I spend my morning working out and making my best attempt at grocery shopping. Jax talks in his sleep. The last whole night we spent together he told me all about some cookies he used to eat as a kid—something to do with wheels, wagons, and jam. That boy and his jam. I find something fitting the description in the global foods section at the grocery, and buy him some actual jam too, because he’s run out and we’re domesticated as fuck right now.

Then I go home and dump it all in my apartment before I head down to work.

I have a busy day. Payroll and staff schedules keep me occupied right up until the bar opens for happy hour. I’m not in the mood for people, or faking a sunny disposition. I dodge the bar and roam around, restless, checking my phone every ten minutes to see when Jax is coming home, and where he’s planning on laying his head for the night. I rarely ask him to stay with me, I let him choose, but tonight I just need him close. I don’t know why, I just do.

So tell him.

No. Because that would mean missing out on hours of yearning for something he’d willingly give me if I’d just fucking ask, and where’s the “fun” in that?

Happy hour has passed by the time my phone buzzes in my pocket. I’m on the bar, covering staff breaks, and I don’t get a moment to reach for it. Resentment seeps out of me, and I struggle to keep up the facade of caring what the whole damn world wants to drink. My bland smiles start to hurt.

Rainn gives me a look. He’s better at this than I am. Dude can charm the birds from the trees when he wants to, and I gladly let him take my place.

Away from the bar, the tension in my chest fades. I finally find my phone and read the three messages Jax has sent me in the last hour.

Jax:Back at HQ. Might be a while

Jax:Leaving now

Jax:You’re busy. I’ll be next door for a bit

Next door. It takes a minute to compute that he means the Veritas side of V and V, the bookstore I rarely have cause to visit. I give Rainn the signal that I’m stepping out, then I follow the pull in my chest out of the bar and into the cozy space where it all began for V and V. Even without spotting Jax at one of the tables by the window, I get hit with an instant wave of calm. I’m not a book person, but this place has good vibes, man.

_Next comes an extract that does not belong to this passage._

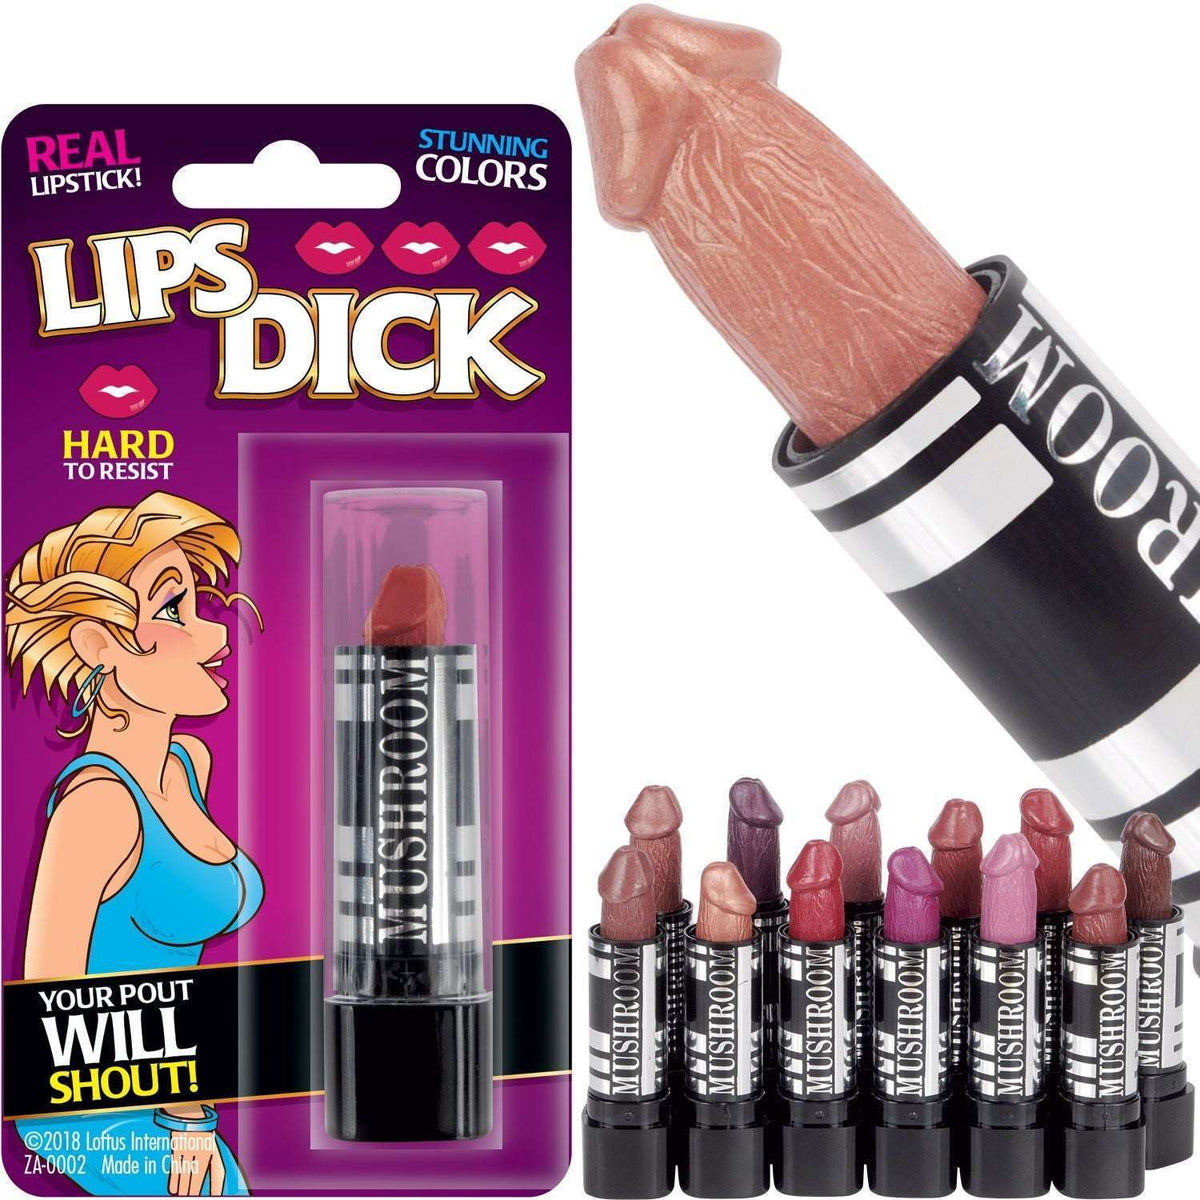 Lips Dick Funny Lipstick

Then I do spot him and I feel like I’ve swallowed a fucking benzo.

I weave my way through the shelves and tables to where Jax is folded into an armchair, ear buds jammed into his ears as he glowers at his laptop on the thick wooden desk in front of him. The scene is all kinds of cute. I wonder if he’s watching the lynx footage for the thousandth time. I take a peek over his shoulder and see a freeze frame of my own face. Awesome. That’ll teach me.